# Quick Question



## qhle479 (Jun 21, 2007)

Hello all,


Its been about 3 weeks since Bentley has been home with us. He seems do be doing great! My question is do you think its more entertaining for him if I get another companion. My finacee and I pretty much give him our full attention when we are home I just don't know if I should get him a friend or not. Is there alot of owners out there with just one maltese?


----------



## lillady (Jan 25, 2007)

Well, I have one Maltese (8 months old-Kosmo) and he seems to do just fine. He's really good at amusing himself!







I do know there are a lot of people on this forum with multiple dogs who can give you info on that. Welcome and good luck!!


----------



## Cosy (Feb 9, 2006)

I would wait until he's older if you want another. Puppies can often bond more to one another than to their owners. Also, it's nice to dote on one pup at a time.







Cosy and Toy are almost 2 yrs apart and it was much easier than two pups would be at once.


----------



## ZoeGirl's Mommy (Feb 8, 2006)

I only have one maltese. She is three years old ( actually 3 1/2 ). I have really enjoyed her being the only one & she seems to like it also. She gets all the attention and affection and doesn't have to share! I recently bagan to think of adding another dog to our family for the only reason of keeping her company while I am at work. I posted a question about that under the Anything Goes section and have received alot of really great replies. You should go there and read the different replies. They have really helped me alot!


----------



## tamizami (May 1, 2007)

Our Shiva is almost 2 and we added a new puppy, Stewie, a month ago. I also read it was ideal to wait until the first dog is around 2. Its been great having a second puppy, he is learning a lot faster because he sees what Shiva does. Plus he was 6 months old when we got him, so that helps. It is a lot of fun having 2 to love!

I was warned when I joined this site that there are subliminal messages to get another malt, and sure enough it was true.
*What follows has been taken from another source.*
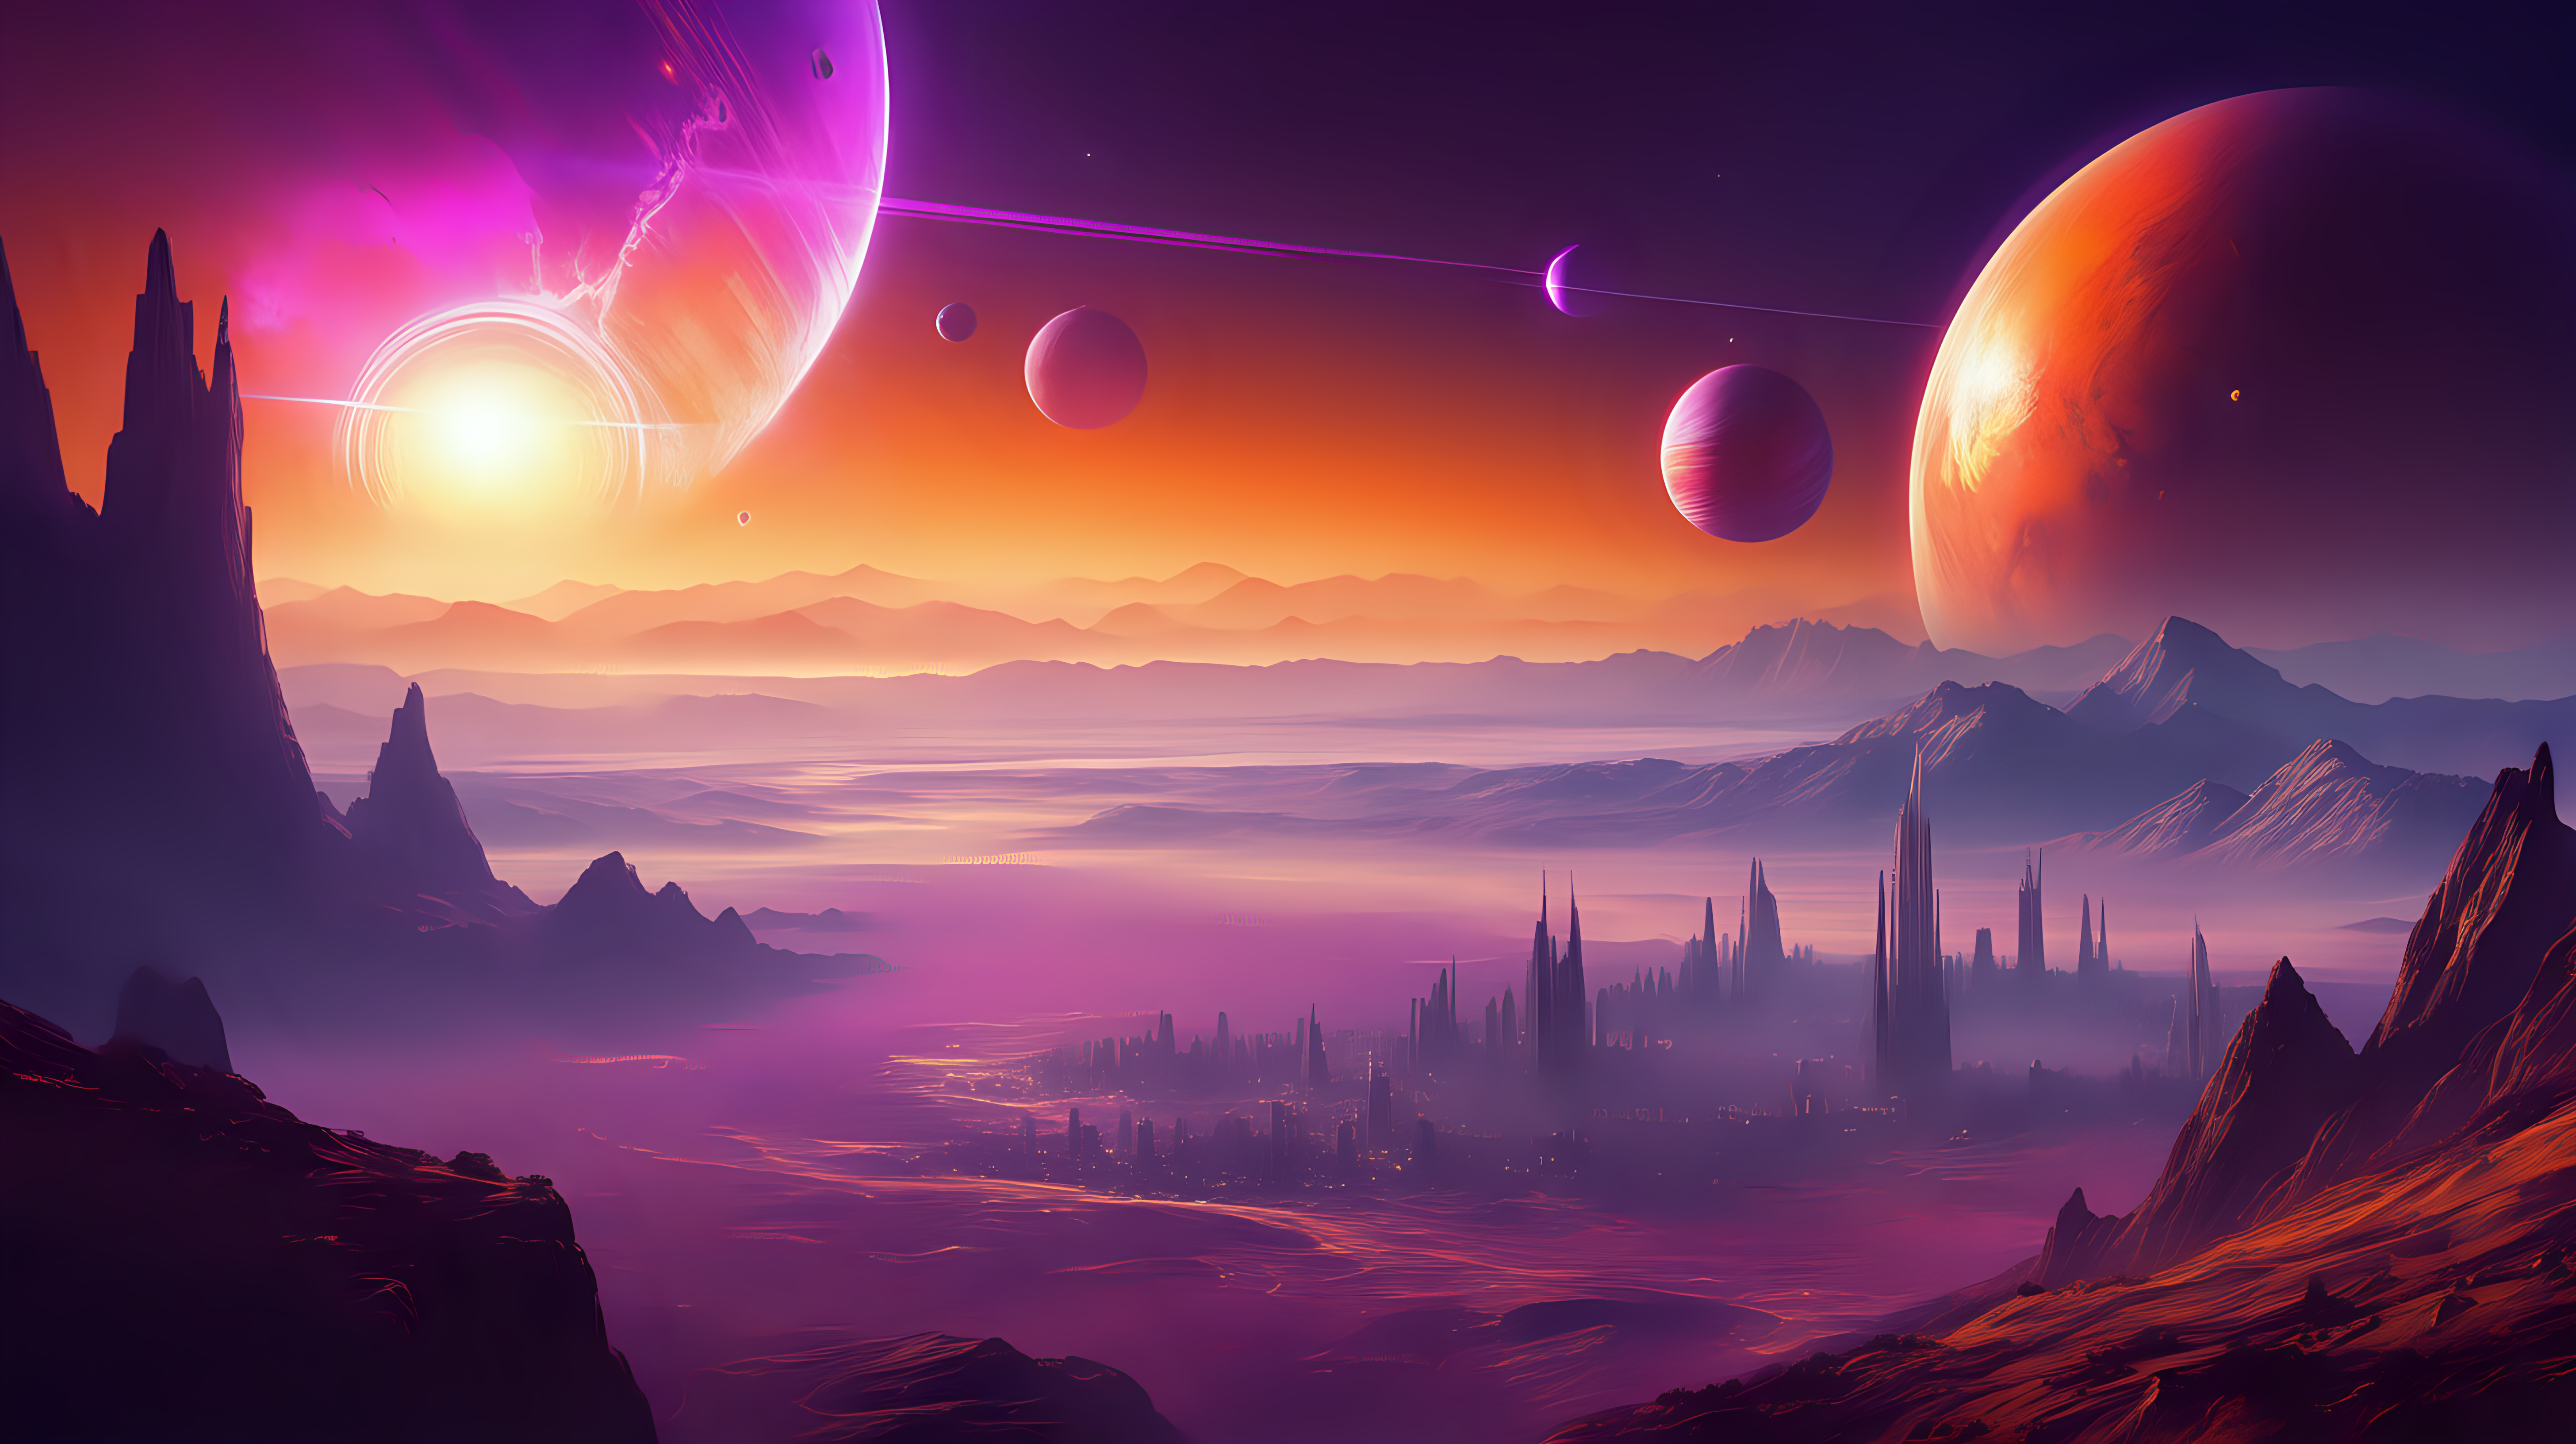 Make a fantastic fantasy and sci-fi picture with a lot of purple and orange color, distant planets, magnificent clods and the sun just setting in the distance, spectacular view, mountains here and there, distant cities and buildings in the valley, inspiration from the film Bladrunner.

Good luck with your decision and welcome to SM!


----------



## thelittlepet (Apr 18, 2006)

I vote two. We added malt babies to our family after our malt Ivory passed away and got two from the same litter since there was such an age gap between them and our Yorkie. Smartest move ever. They are so happy to have each other and are like little peas in a pod. Although very happy to be without each other in the house too. Lily has hopped down from the bed and come to keep me company on the computer and her brother is sawing logs with hubby and Gidget. Lily just wanted her mama. 
Aimee


----------



## Yummy (Sep 5, 2008)

QUOTE (qhle479 @ Jul 26 2007, 01:53 PM) index.php?act=findpost&pid=411013


> Hello all,
> 
> 
> Its been about 3 weeks since Bentley has been home with us. He seems do be doing great! My question is do you think its more entertaining for him if I get another companion. My finacee and I pretty much give him our full attention when we are home I just don't know if I should get him a friend or not. Is there alot of owners out there with just one maltese?[/B]



Speaking from experience , I have to agree with CuteCosyNToy. We had 2 boys from the same litter. My husband and I agreed next time we would get one pup first (then wait a while before getting another puppy) because they bonded together stronger than they did with us...despite the amount of time we spent with them. 

Also, it's a lot easier to deal with one pup instead of two for several reasons. Just example, if one gets sick...and passes it on to the other...:faint:


----------



## jodublin (Sep 27, 2006)

i would wait a bit too.suga was 2 when we got obi.. :Sunny Smile: jo


----------



## The A Team (Dec 1, 2005)

Hey, where the heck did this post come from? It's over a year old!!!! 

If you're still wondering...... It's ok now, your first pup should be trained by now -so go ahead and get another one- :HistericalSmiley:


----------



## kez (Aug 21, 2008)

I have 2 boys and my first was nearly one when we got the second, i thought it would be taking all the attention away from our first boy,but it wasnt like that at all they get on great...... but i think my boy would have been just fine if it was just him.
we only got the second one because he still had no home to go to after 12 weeks in the world.....that and he was so cute!


----------